> WHAT YOU HAVE TO DO
Only the lines below between the one holding "Шампунь-нейтрализатор оранжевого цвета" and the one holding "Vue panoramique d'un", inclusive, are to be reproduced word for word; the pictures are to be left out.

> AVAILABLE DATA
★ ★ ★ ★ ★ ★ ★
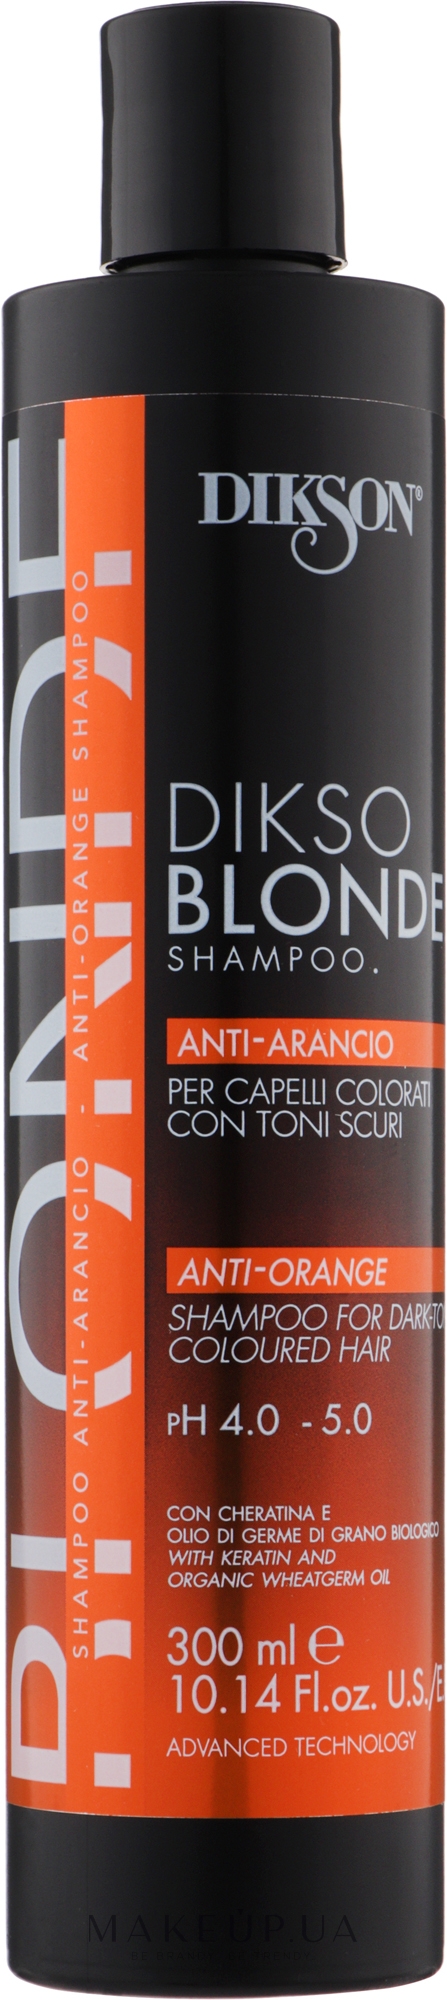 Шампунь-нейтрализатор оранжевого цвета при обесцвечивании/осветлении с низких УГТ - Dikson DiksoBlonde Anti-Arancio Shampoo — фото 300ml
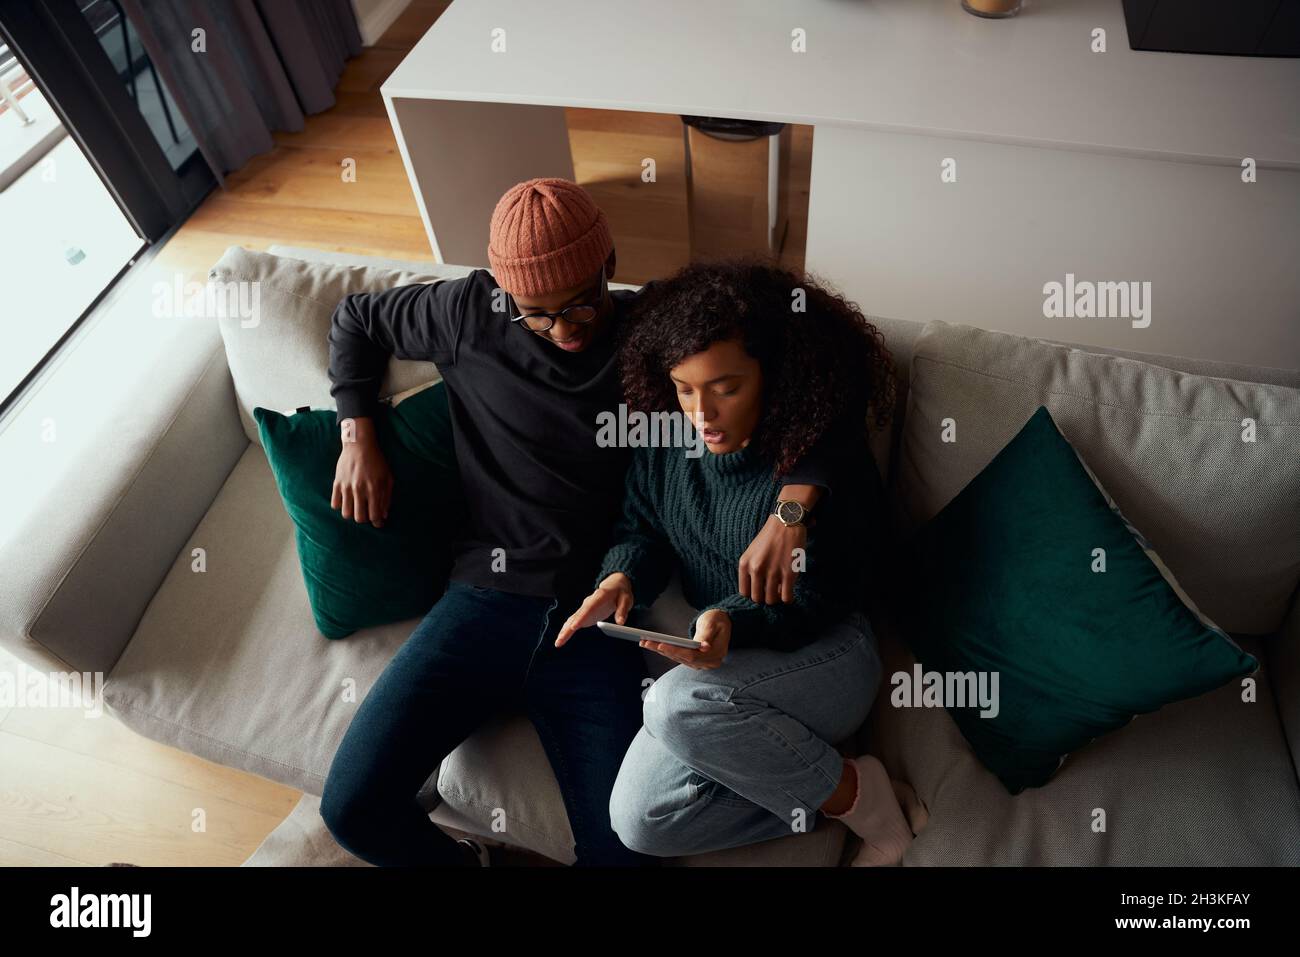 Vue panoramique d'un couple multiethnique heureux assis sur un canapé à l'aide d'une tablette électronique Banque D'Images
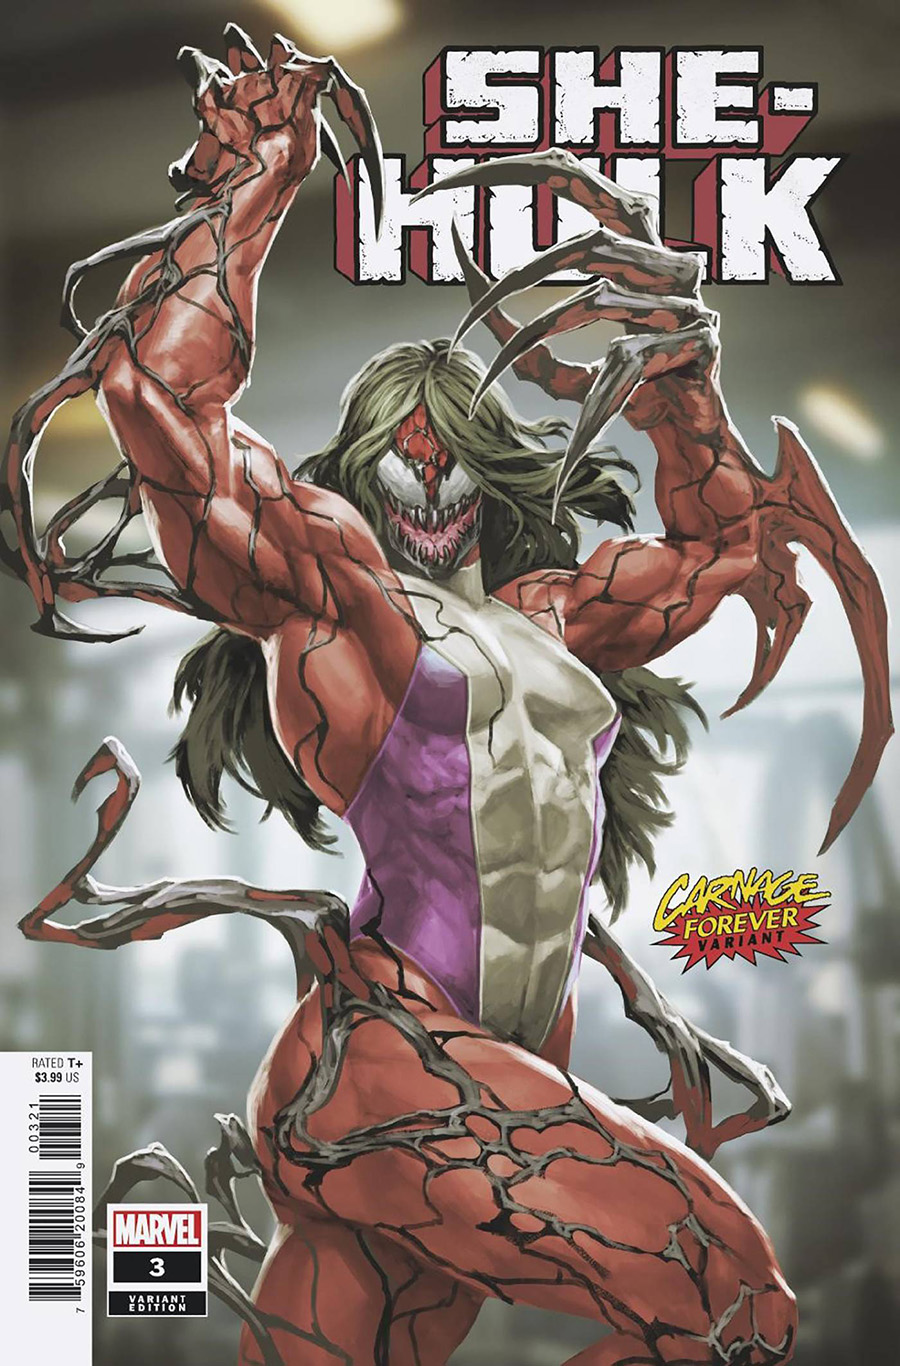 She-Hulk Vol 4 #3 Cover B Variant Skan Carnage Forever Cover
★ ★ ★ ★ ★ ★ ★
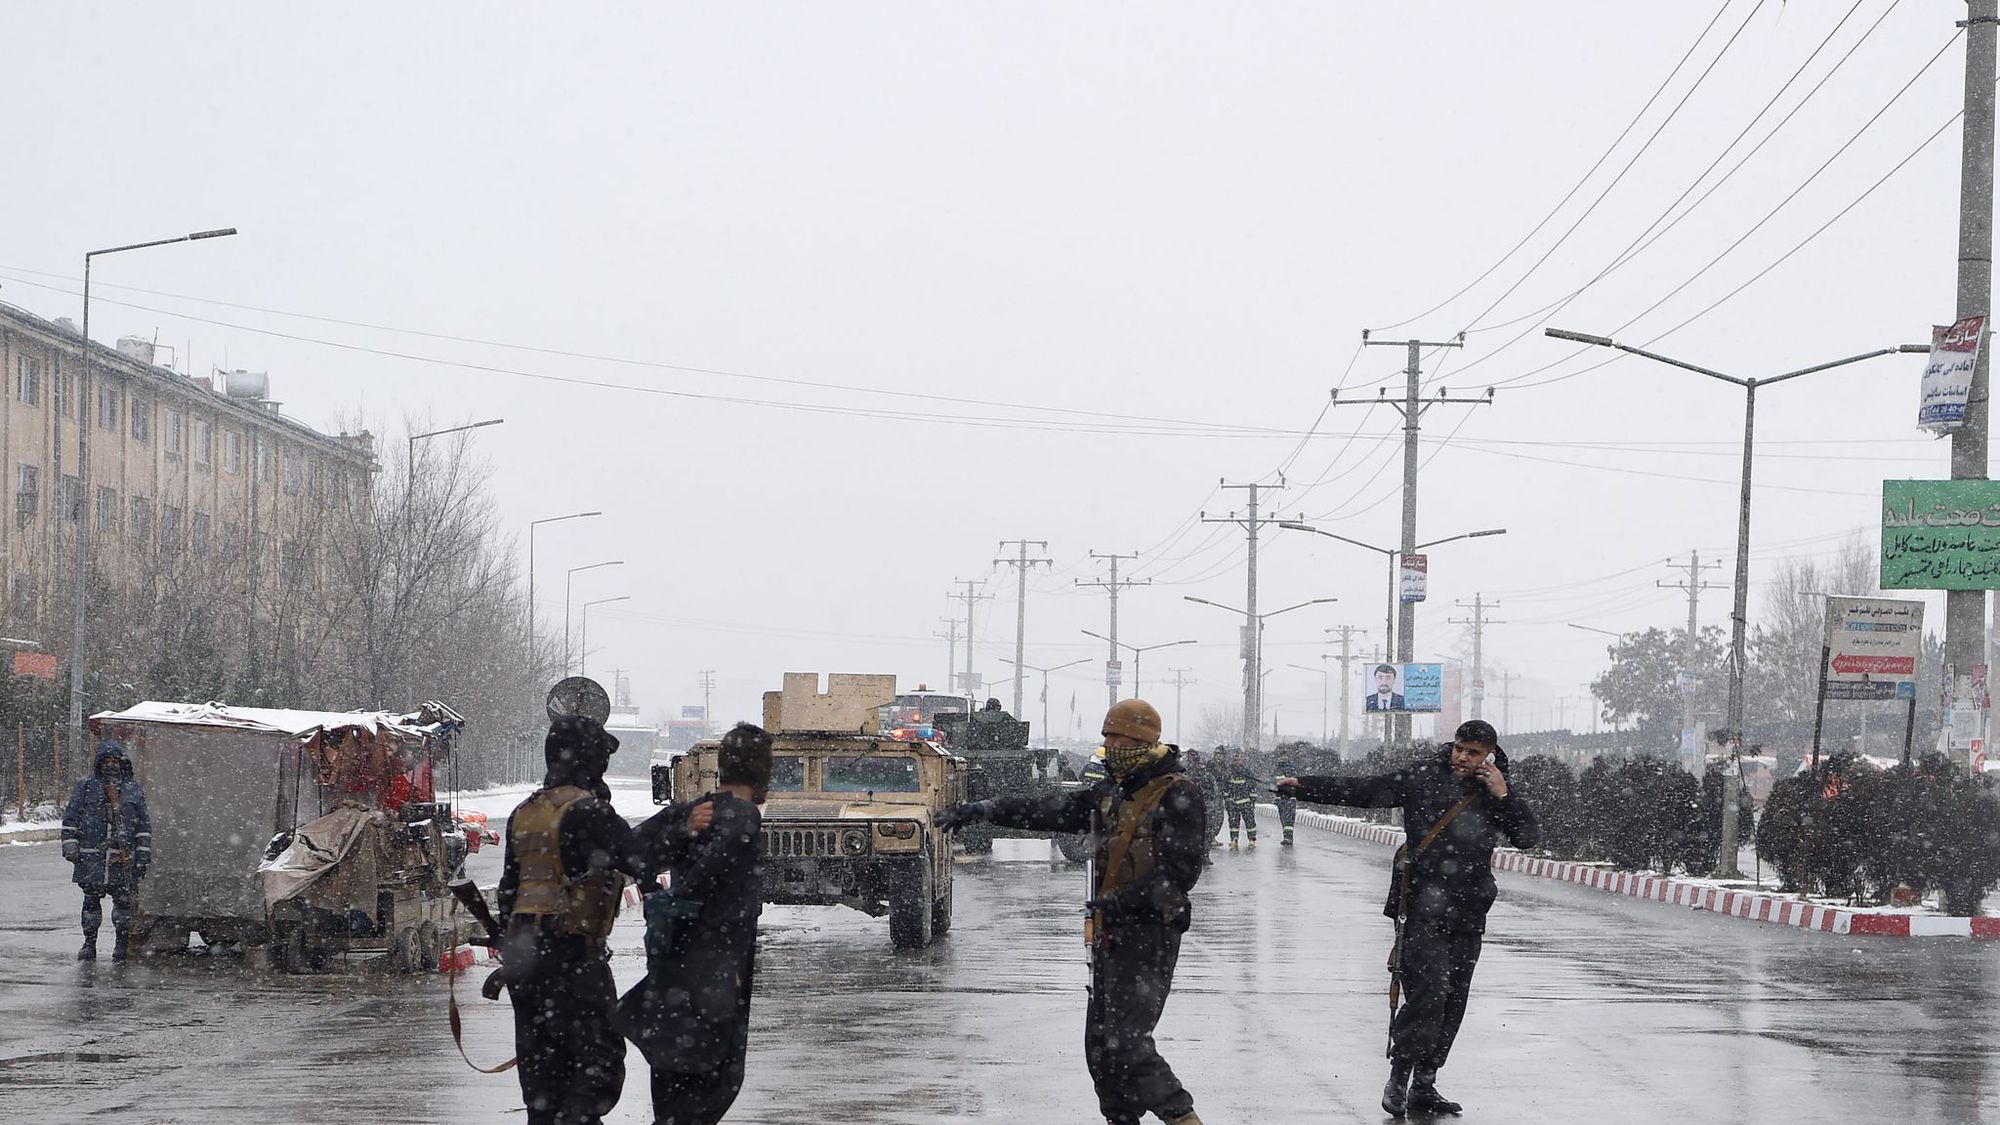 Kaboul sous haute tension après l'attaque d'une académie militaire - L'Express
★ ★ ★ ★ ★ ★ ★
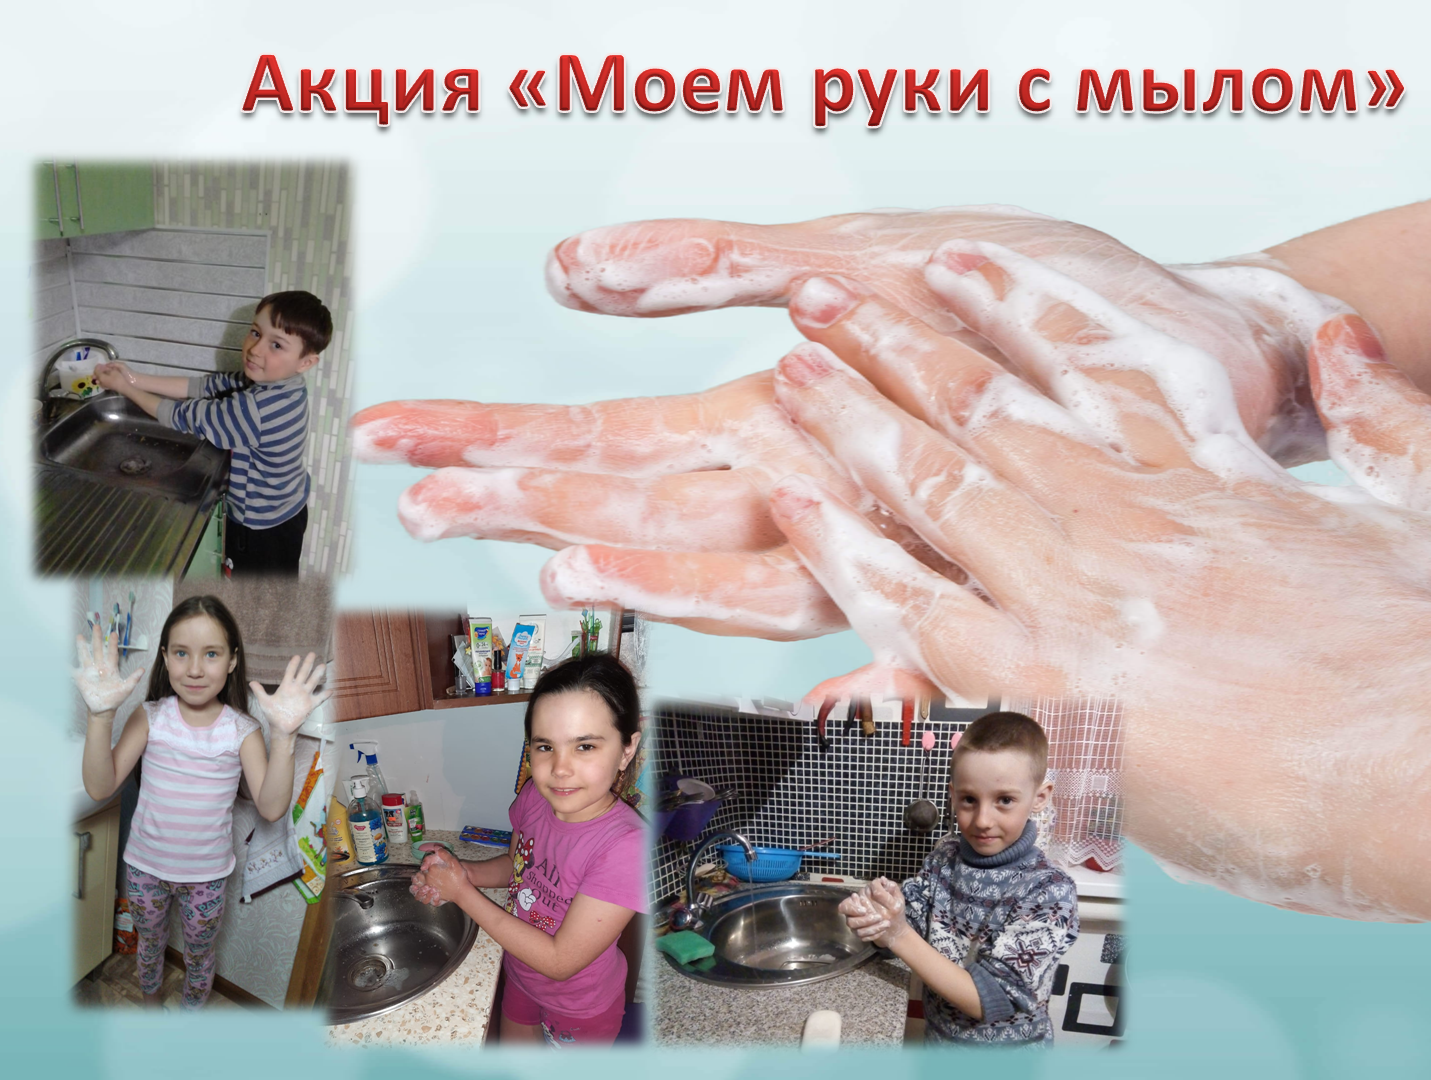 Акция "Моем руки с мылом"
★ ★ ★ ★ ★ ★ ★
> EXERCISE ANSWER
 Шампунь-нейтрализатор оранжевого цвета при обесцвечивании/осветлении с низких УГТ - Dikson DiksoBlonde Anti-Arancio Shampoo — фото 300ml
 Vue panoramique d'un couple multiethnique heureux assis sur un canapé à l'aide d'une tablette électronique Banque D'Images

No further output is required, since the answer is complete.